Buck Swamp is a township in northwestern Wayne County, North Carolina, United States near the city of Goldsboro and the town of Pikeville.

Education
The school system for Buck Swamp is operated by Wayne County Public Schools. The township contains Northwest Elementary School (K-5). Norwayne Middle School (6-8), is located in the nearby town of Fremont, and Charles B. Aycock High School (9-12) is located in the nearby town of Pikeville

Community
The community contains three volunteer fire departments, Little River, Nahunta, and Pikeville-Pleasant Grove. Several churches of various denominations are contained within Buck Swamp, including Pleasant Grove Original Free Will Baptist Church, Pikeville Church, Pike's Crossroads Pentecostal Holiness Church, and several other churches. There are various recreational activities to be enjoyed within Buck Swamp, including youth baseball at the Eastern Carolina Athletic Park (ECAP), kayaking along the Little River, and fishing in the many creeks, swamps, and ponds.

Industry
Businesses included in this township include Nahunta Pork Center, Benton and Son's Fabricators, a Bayer Cropscience Breeding and Trait Development Facility, and a Dollar General.

Location
The township is bordered by the Pikeville Township, which includes the Town of Pikeville, to the east and the Boon Hill Township, which includes the Town of Princeton, to the west.

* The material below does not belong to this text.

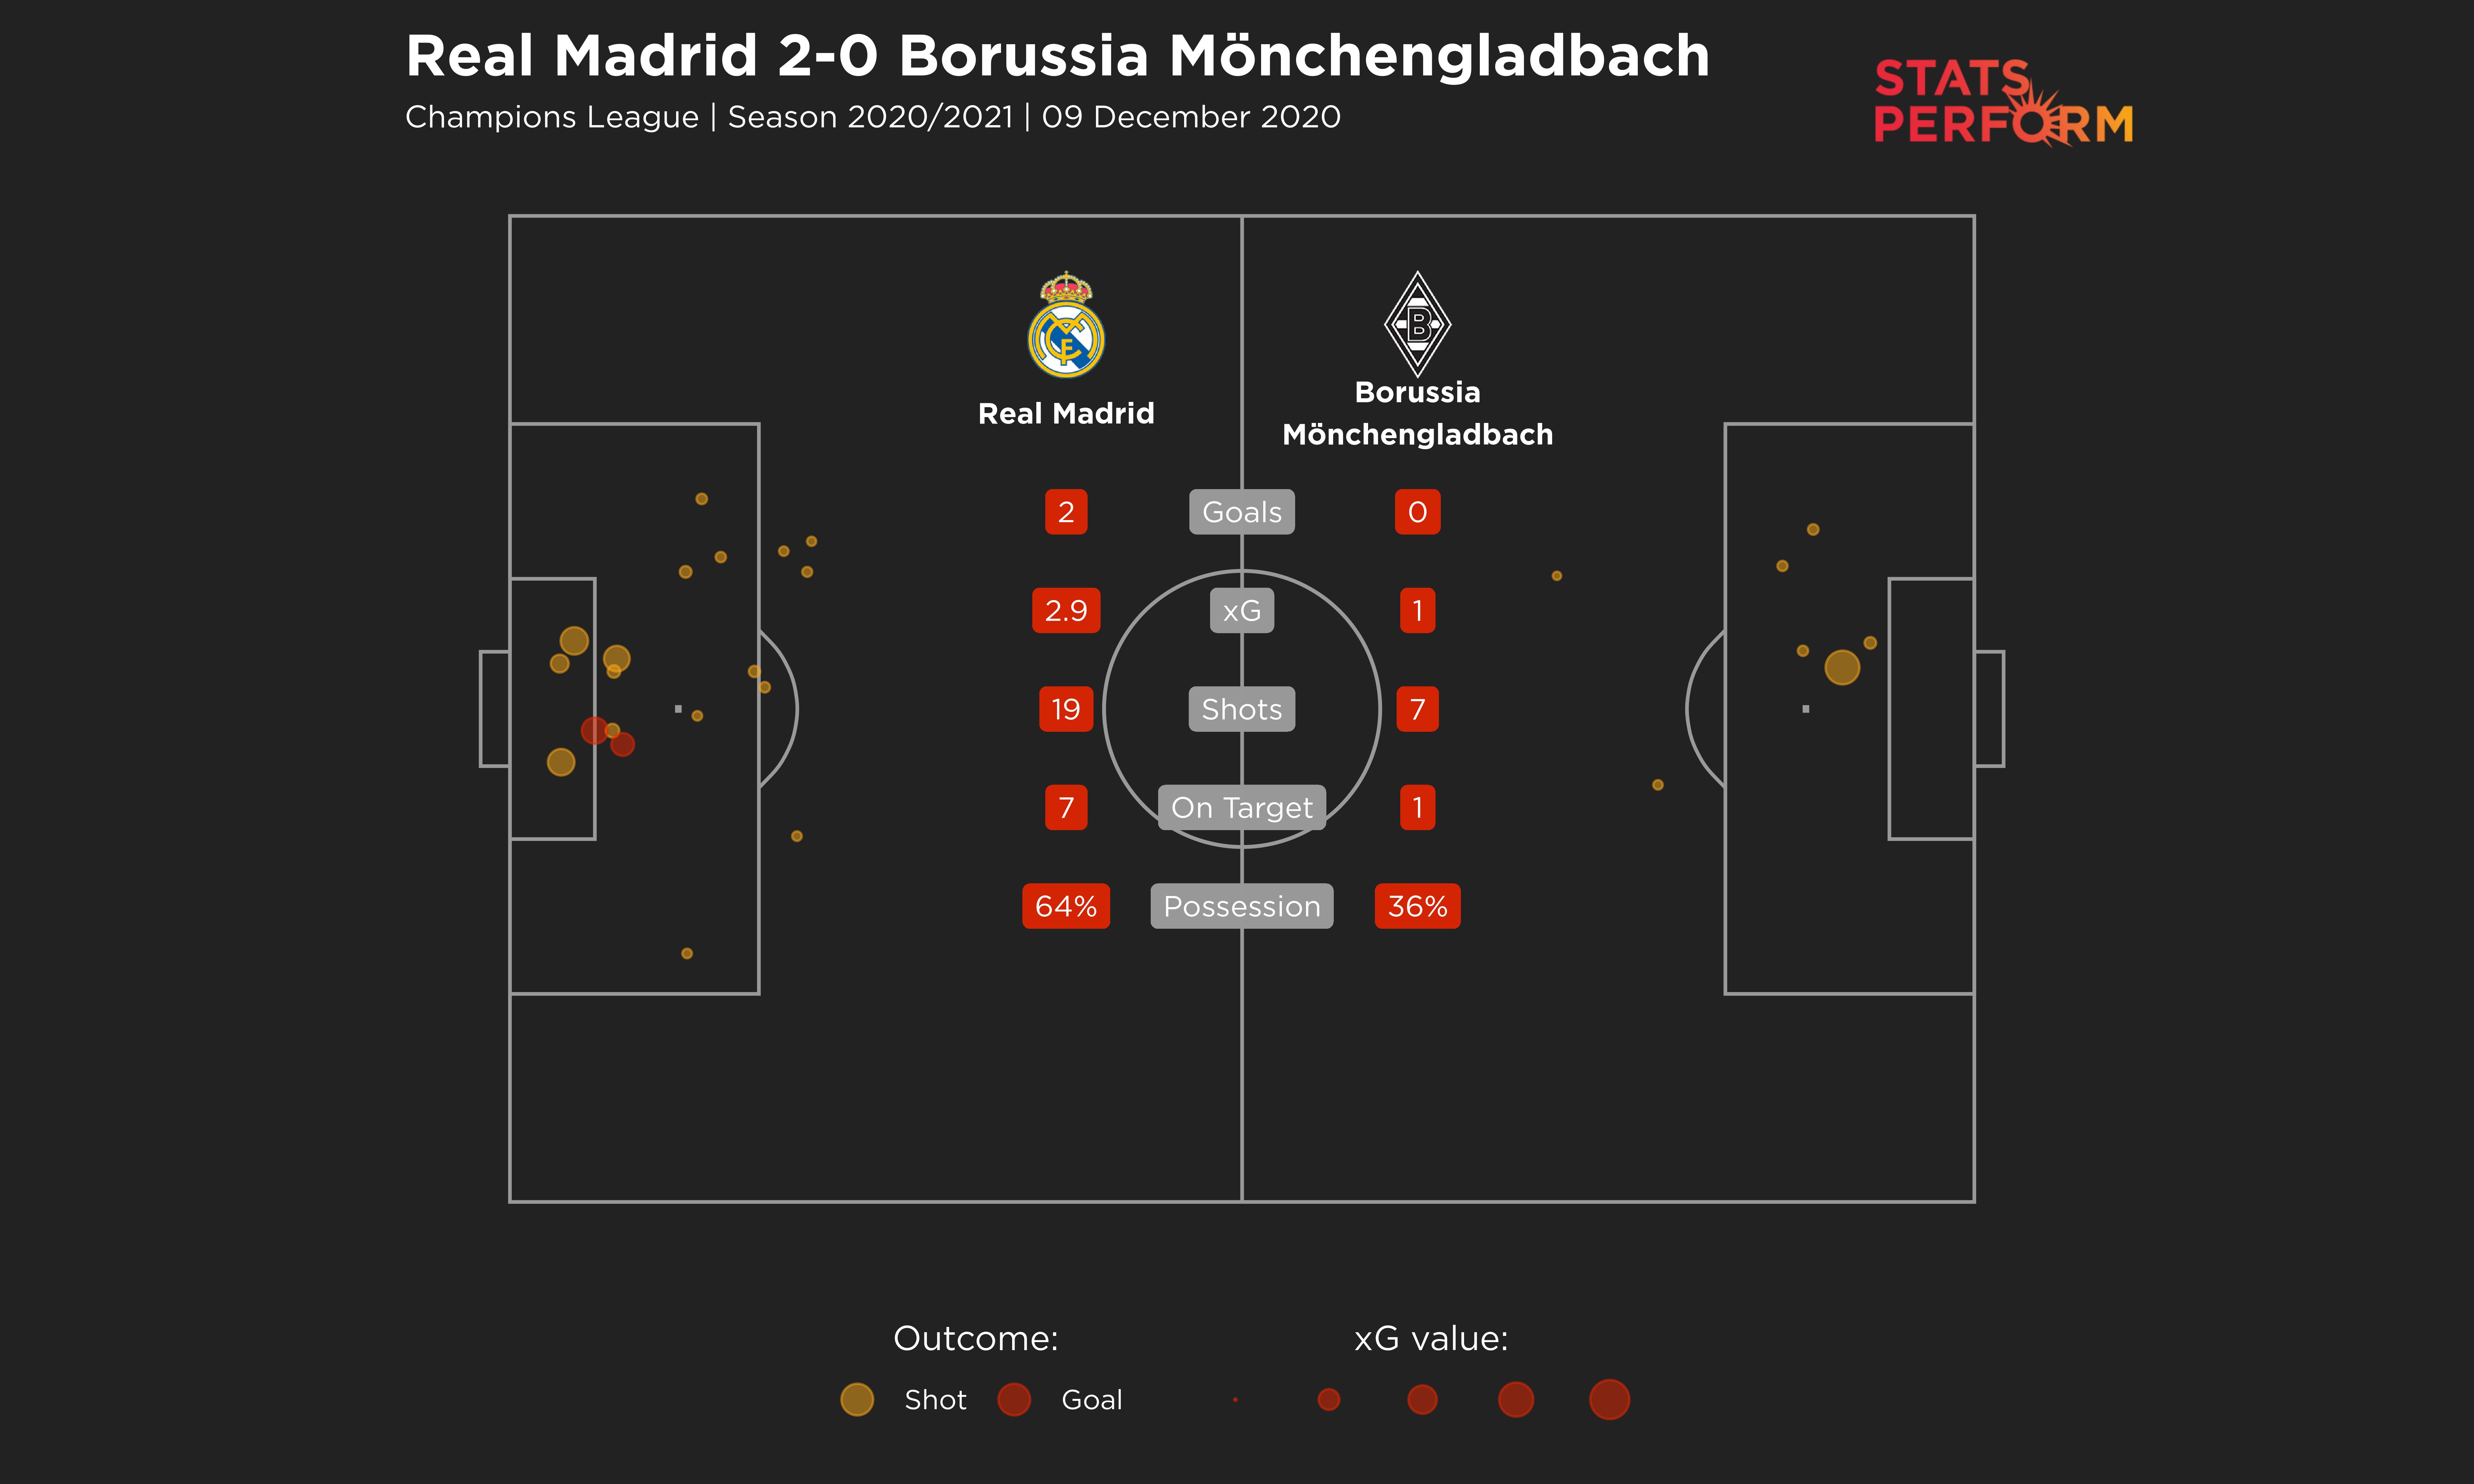 Real Madrid v Borussia Monchengladbach shots

Other neighboring Townships include Fork Township, which includes the community of Rosewood, to the south, Stony Creek Township to the southeast, and the Great Swamp Township to the North. The southern border of the Buck Swamp Township follows the route of the Little River.

Transportation

Passenger
Air: Raleigh-Durham International Airport is the closest major airport with service to more than 45 domestic and international destinations. Wayne Executive Jetport is an airport located nearby, but is only used for general aviation. 
Interstate Highway: I-795 runs through the Buck Swamp township for approximately 3.5 miles.
Buck Swamp is not served directly by passenger trains. The closest Amtrak station is located in Selma.
Bus: The area is served by Greyhound with a location in nearby Goldsboro.

Roads
The main highways in Buck Swamp are I-795 and NC 581. Other major roads near Buck Swamp include US 117 to the east and US 70 to the south.